- [MATERIAL PROVIDED]:
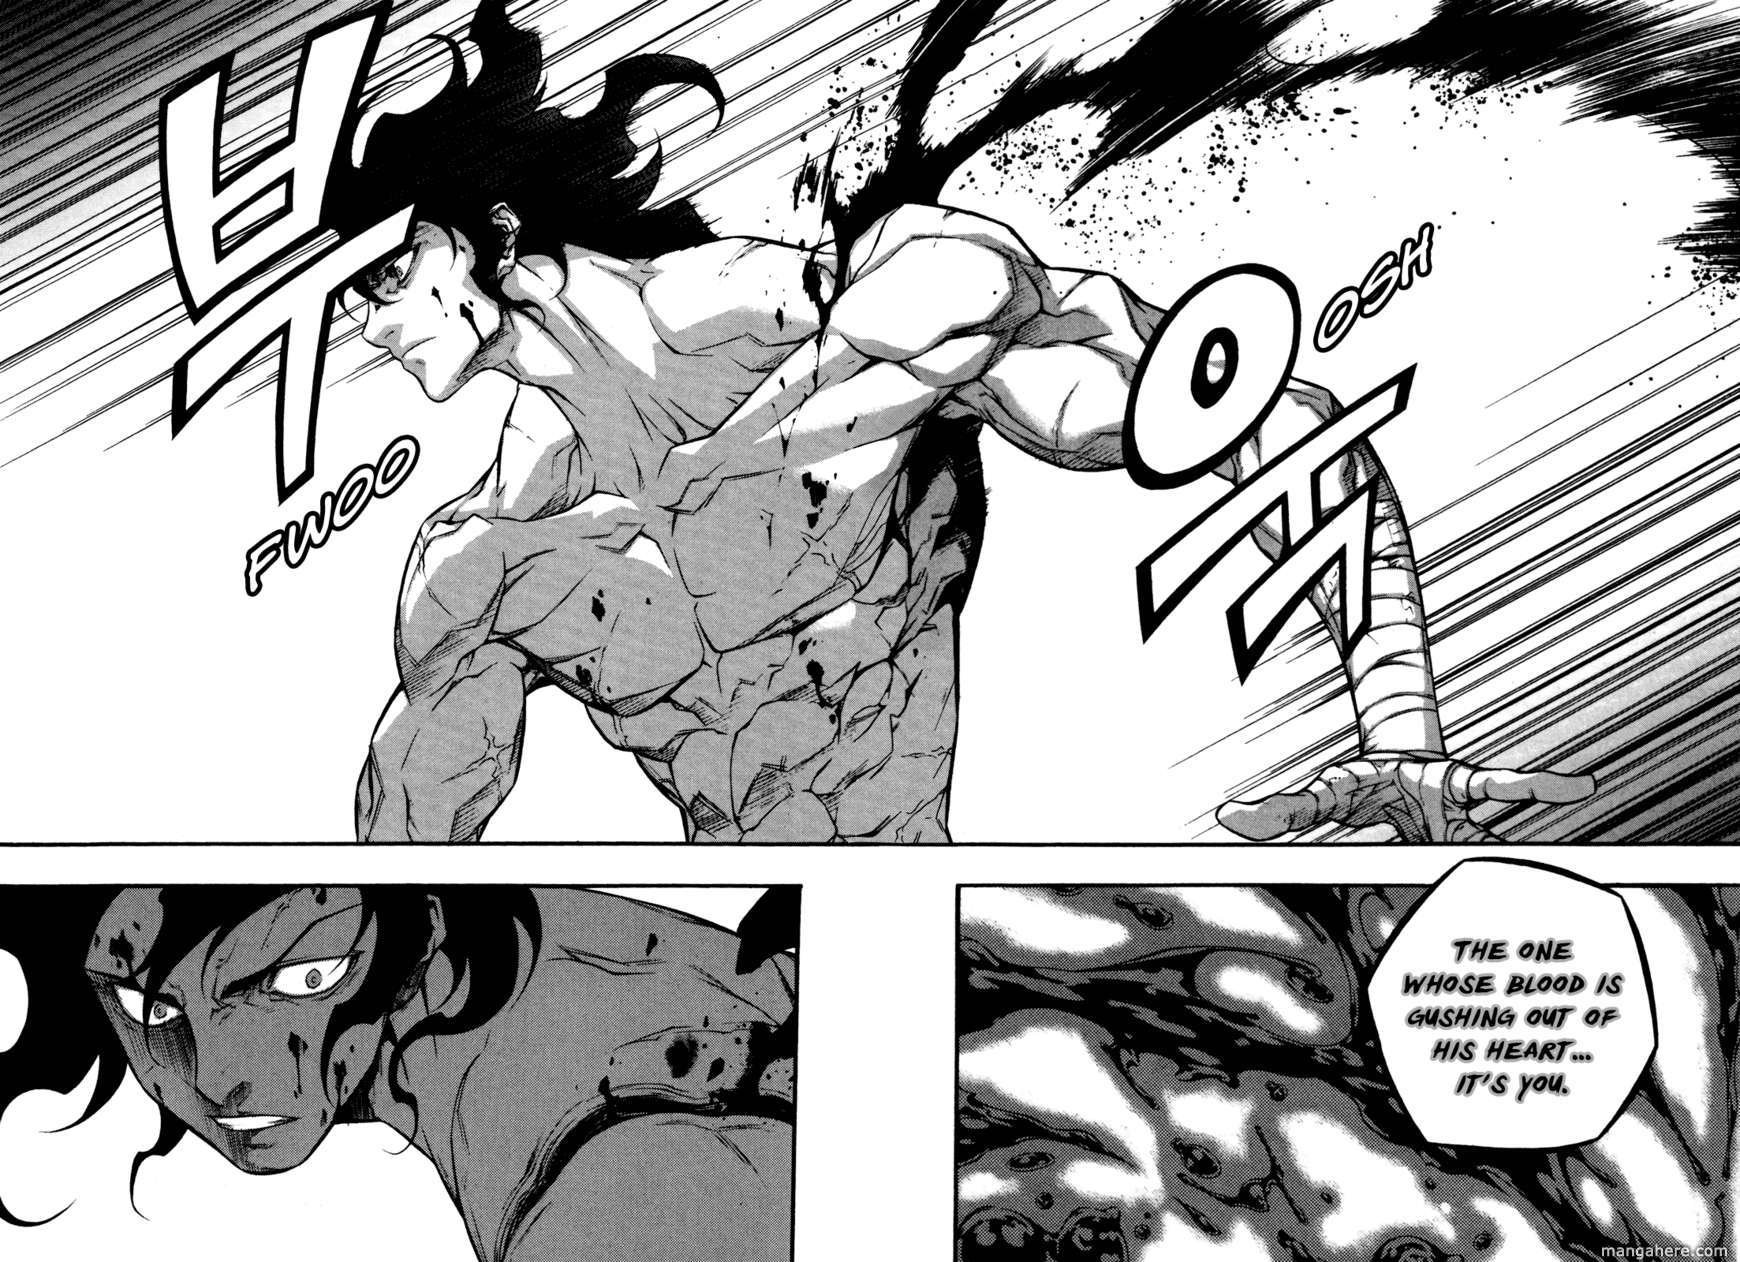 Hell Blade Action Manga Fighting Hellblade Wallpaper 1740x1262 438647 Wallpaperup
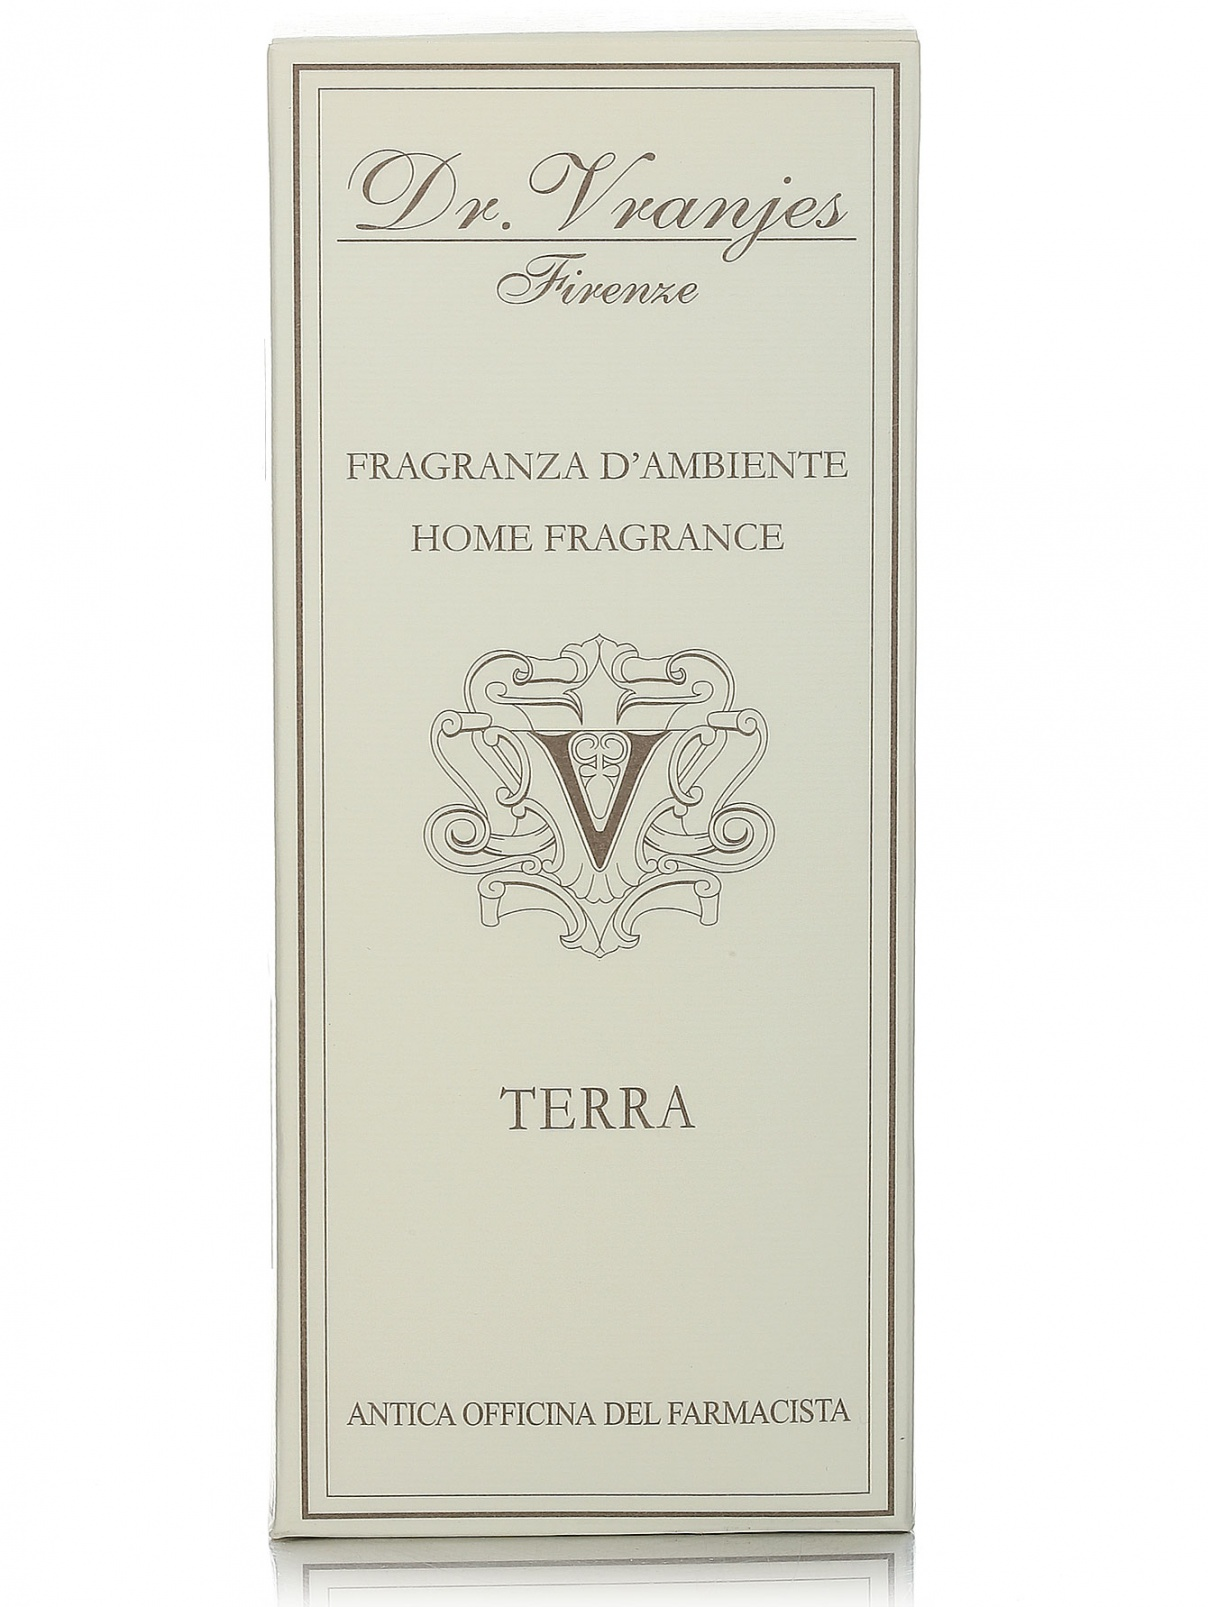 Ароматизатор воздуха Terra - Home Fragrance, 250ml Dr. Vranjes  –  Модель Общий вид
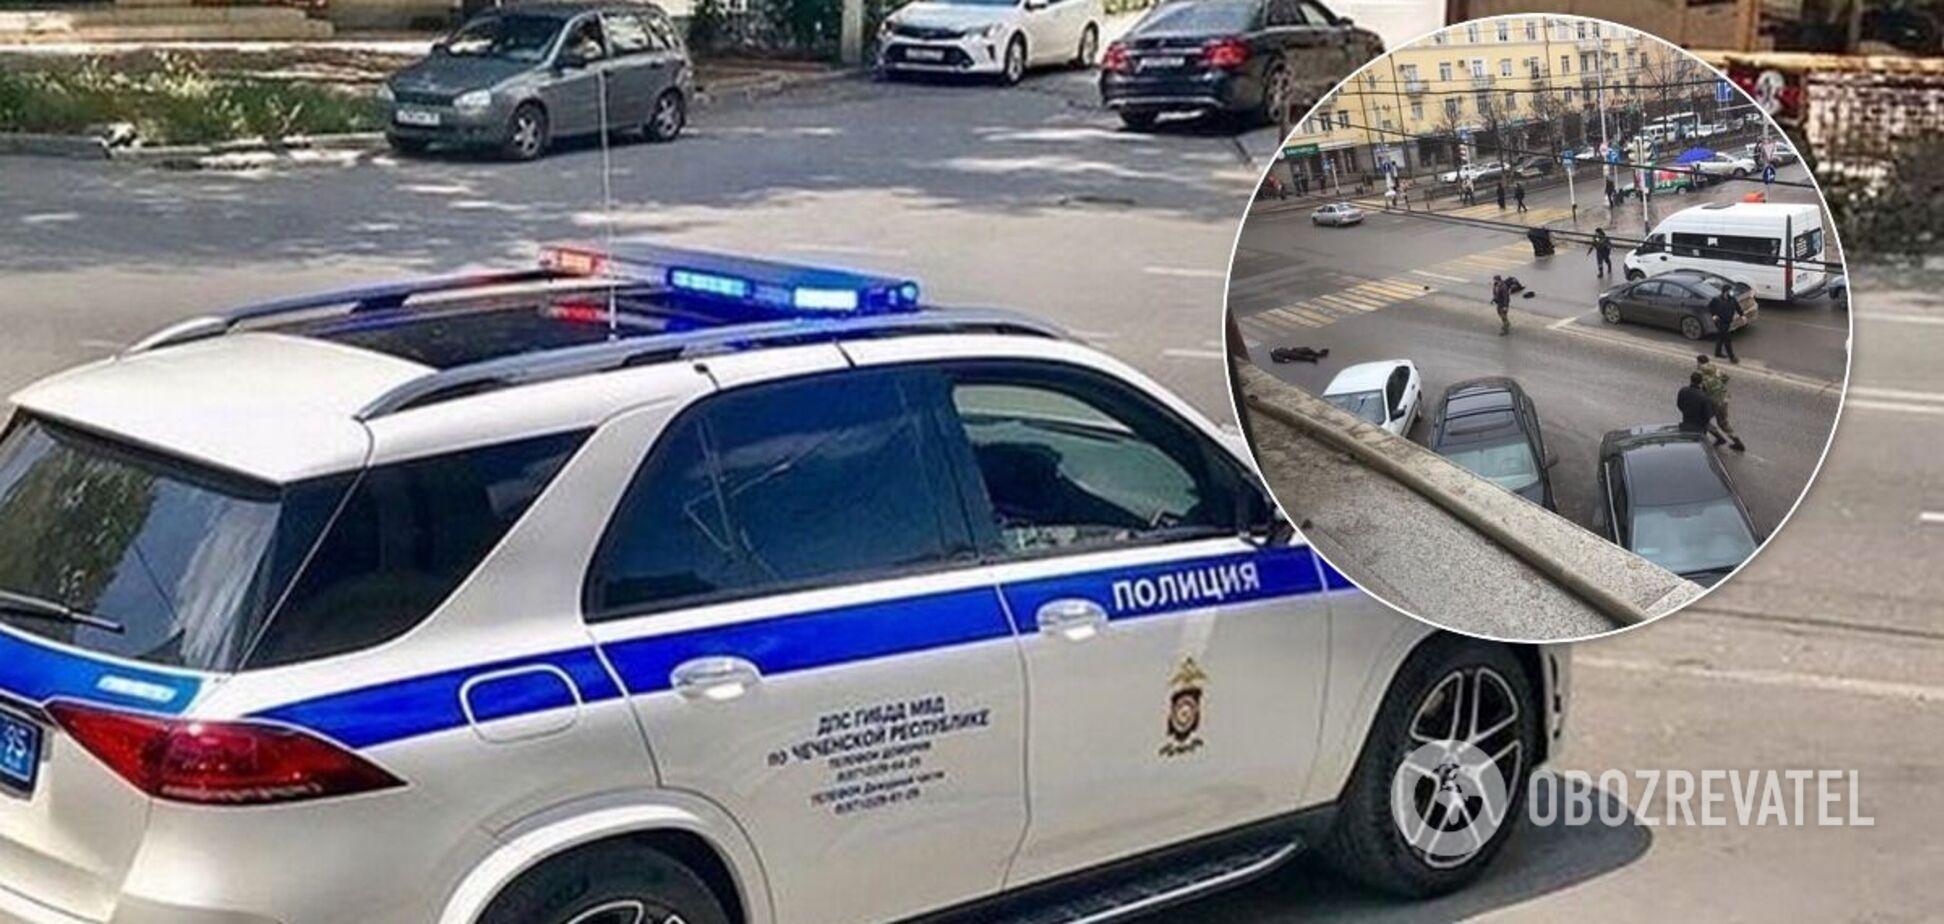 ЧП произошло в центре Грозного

- [TASK REQUIREMENTS]: Return the complete data unchanged and include none of the pictures.

- [ANSWER TO THE PROBLEM]:
 Hell Blade Action Manga Fighting Hellblade Wallpaper 1740x1262 438647 Wallpaperup
 Ароматизатор воздуха Terra - Home Fragrance, 250ml Dr. Vranjes  –  Модель Общий вид
 ЧП произошло в центре Грозного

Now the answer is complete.